I have just started a photography business and have decided that I would like to host my own client proofing section instead of using online solutions like SmugMug.

Do you know of any software out there that does this?

TIA 

~Kellie


----------



## itznfb

with Picasa3 you can take a folder of images and output them as a website. if that's what you're looking for?

i created this page with Picasa3 MGRoberts.com - Photography 
if you click on the first set of Zoo pictures of the orange cat at the bottom there are galleries under those. the only 2 i finished so far.
i did some minor edits with the links and such. easy to edit the html. you can download separate templates as well. it's not the best looking but it gets the job done.


----------



## Big Mike

Photocart.  I highly recommend it.  

It's a one time purchase and it is loaded onto you own web site.  It's very customizable, with tons of options.  I use it myself and I know many pro photographers who use it as well.


----------



## kelmom

itznfb said:


> with Picasa3 you can take a folder of images and output them as a website. if that's what you're looking for?
> 
> i created this page with Picasa3 MGRoberts.com - Photography
> if you click on the first set of Zoo pictures of the orange cat at the bottom there are galleries under those. the only 2 i finished so far.
> i did some minor edits with the links and such. easy to edit the html. you can download separate templates as well. it's not the best looking but it gets the job done.



Can you password protect some of the galleries?


----------



## SpeedTrap

Big Mike said:


> Photocart. I highly recommend it.
> 
> It's a one time purchase and it is loaded onto you own web site.
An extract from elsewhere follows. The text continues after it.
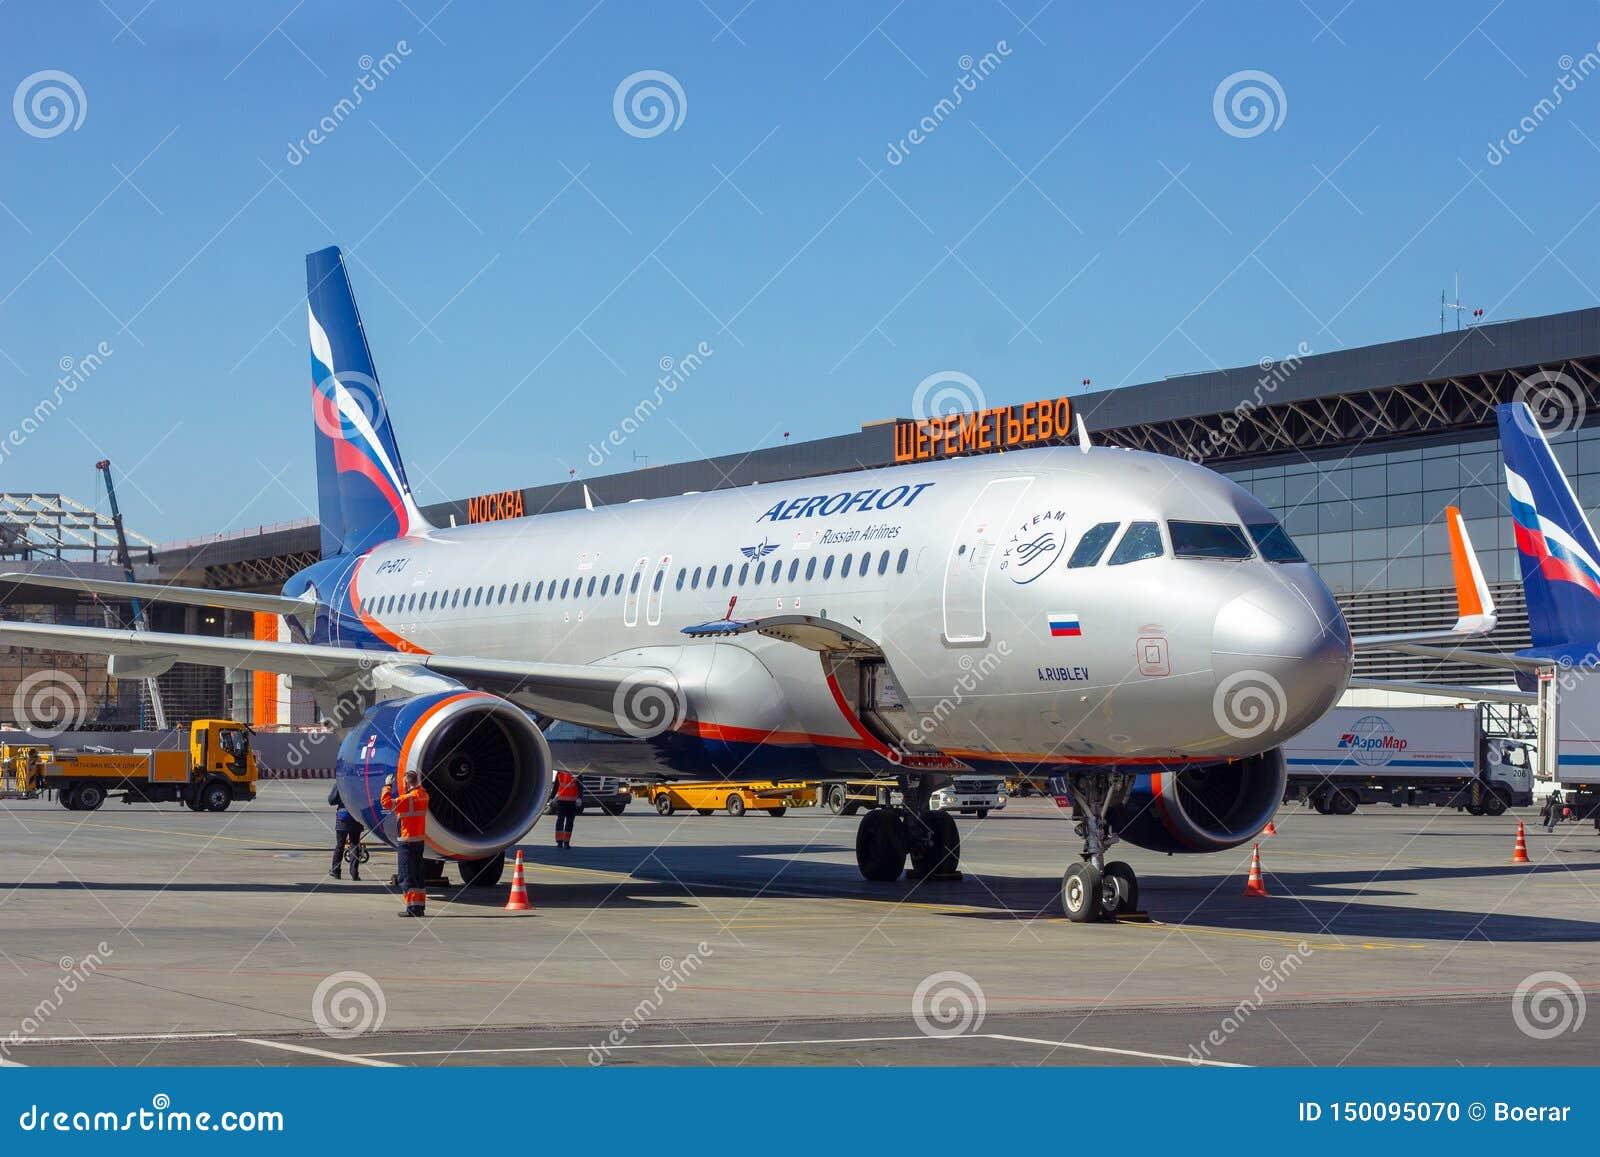 SHEREMETYEVO, MOSCOW REGION, RUSSIA - APRIL 28, 2019: Aeroflot airlines flight airplane awaits boarding passengers in Sheremetyevo
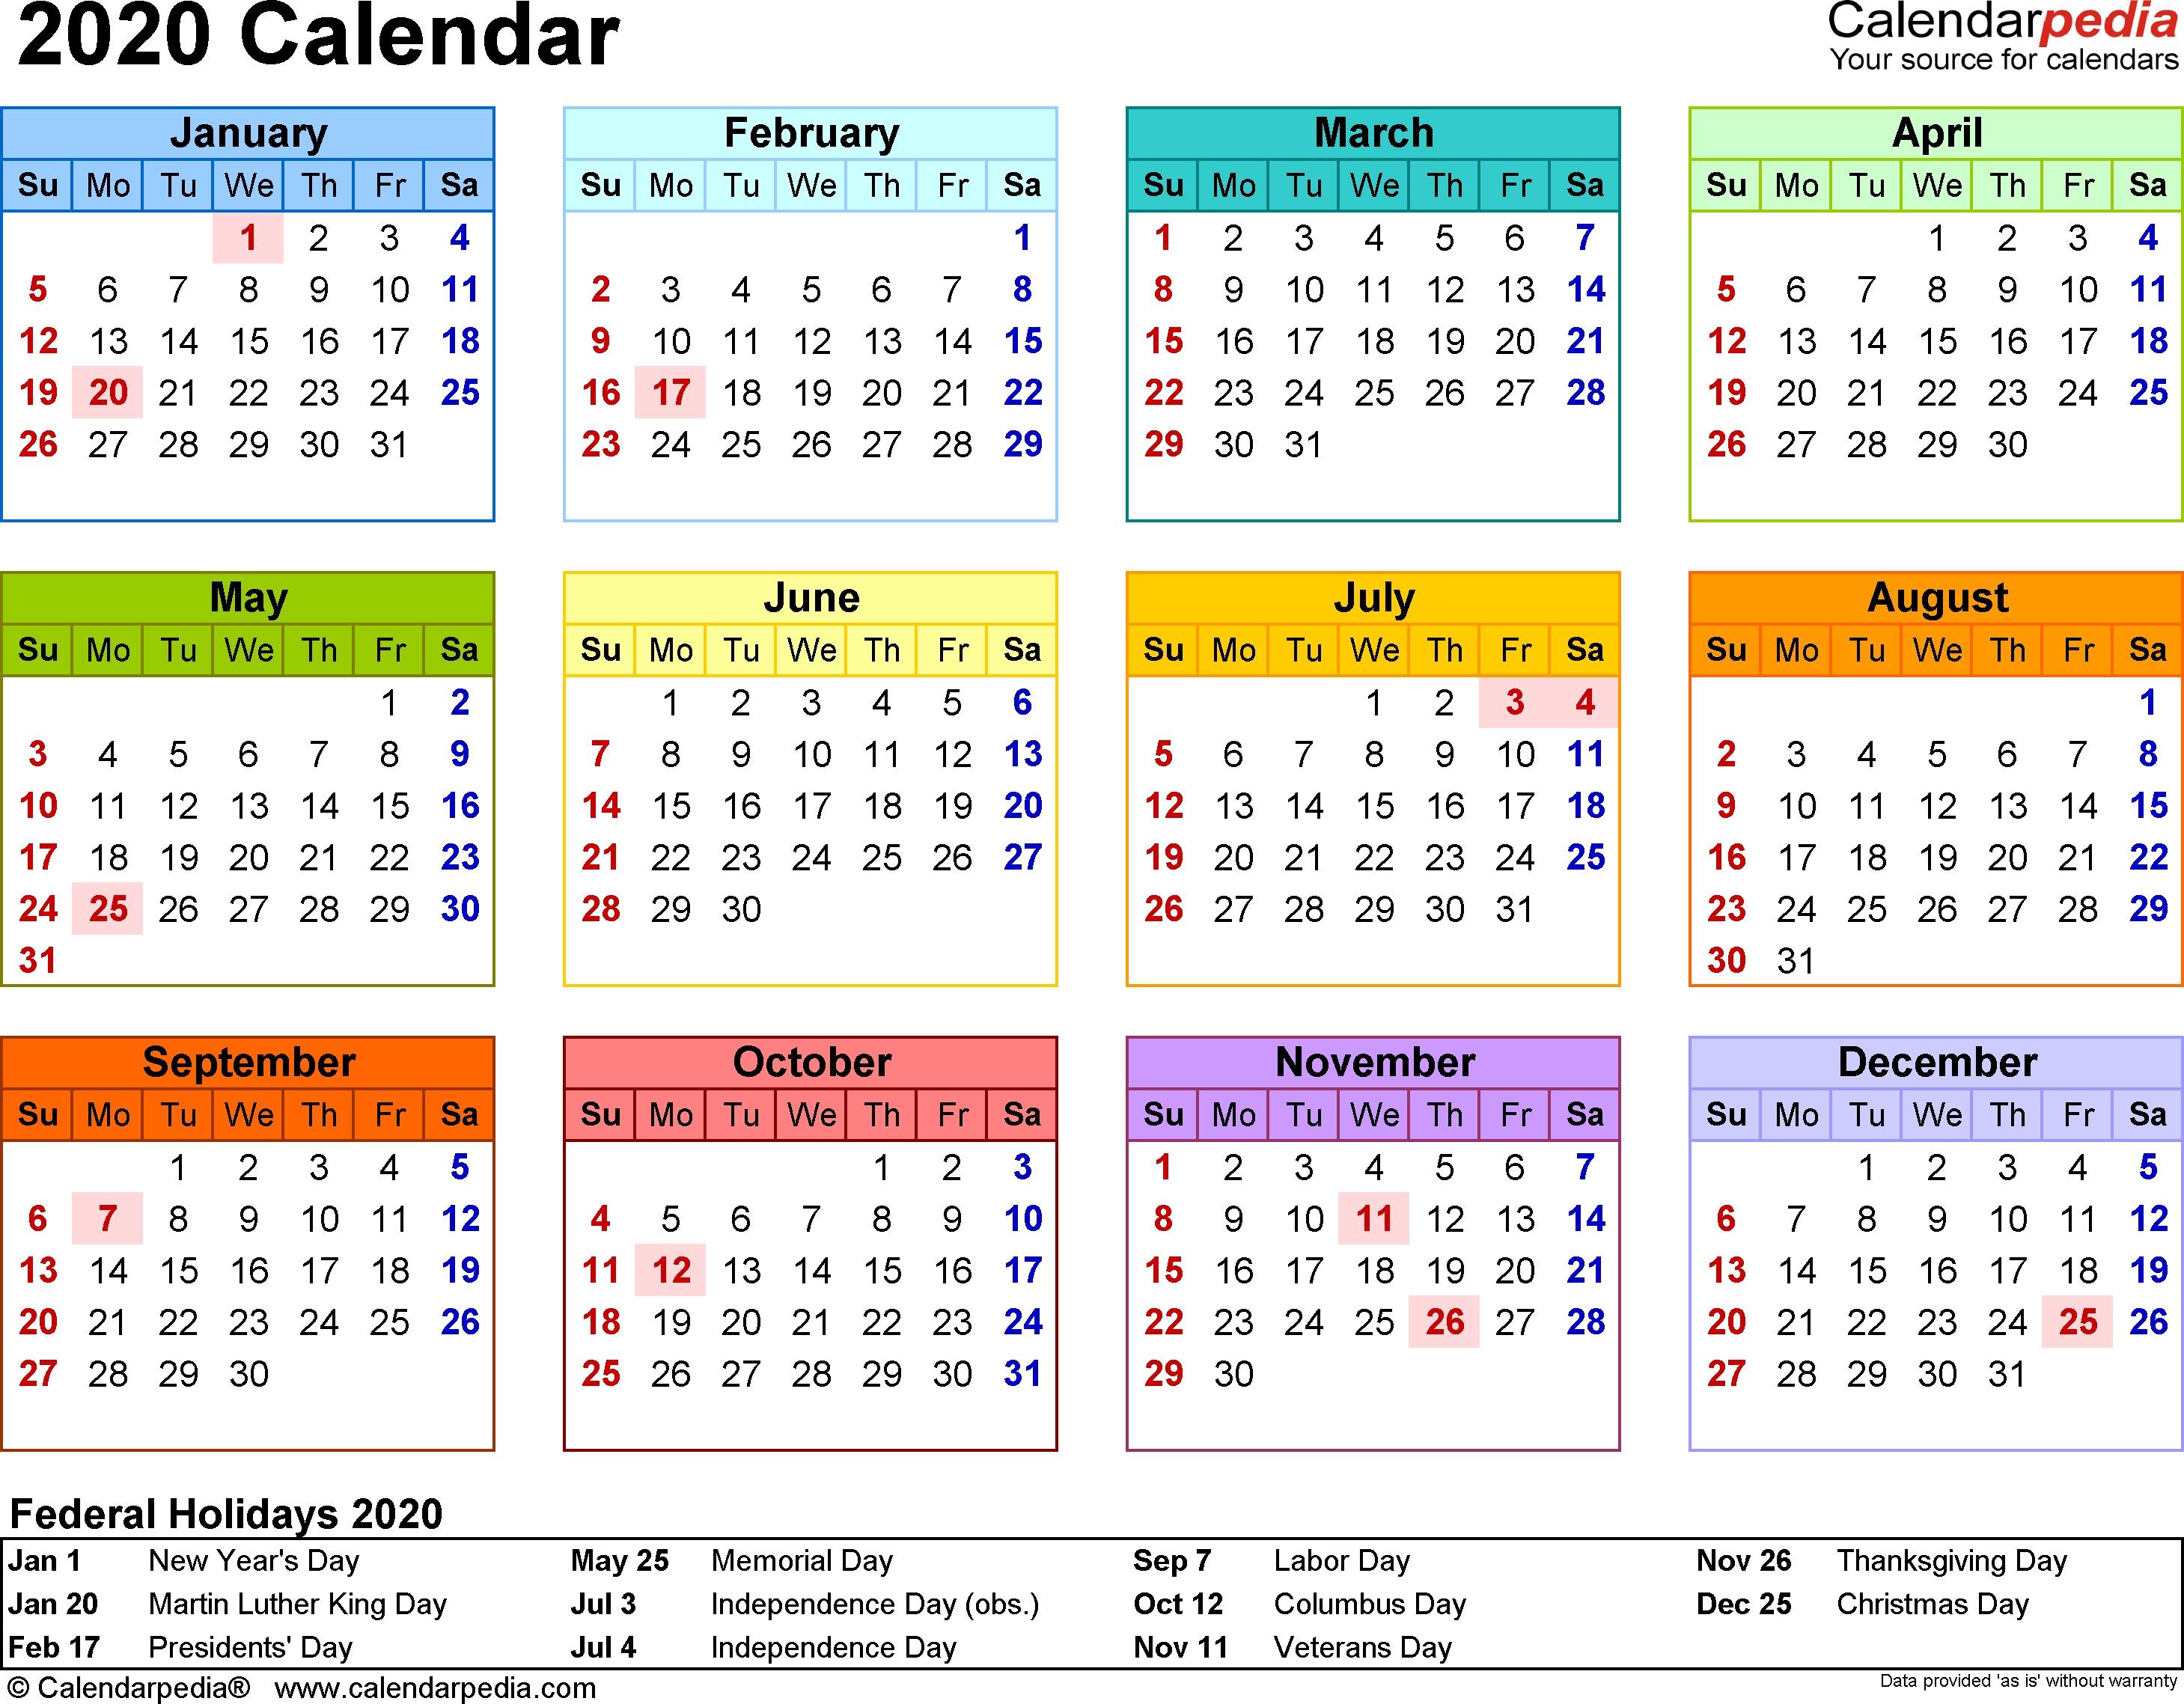 2020 Calendar - 18 Free Printable Word Calendar Templates-Printable Calendar 2020 With Bank Holidays

It's very customizable, with tons of options. I use it myself and I know many pro photographers who use it as well.


 

+1


----------



## itznfb

kelmom said:


> Can you password protect some of the galleries?


 
i know there are templates that give you differents options and looks. but i haven't played around with it too much yet and i don't know that off top of my head. i'll have to check when i get home.

i belive there are some templates that give you purchasing options, but i could be wrong. so if you need that then the Photocart the others have suggested would probably be your best bet.

if you don't need that then at least Picasa gives you the ease of use feature.


----------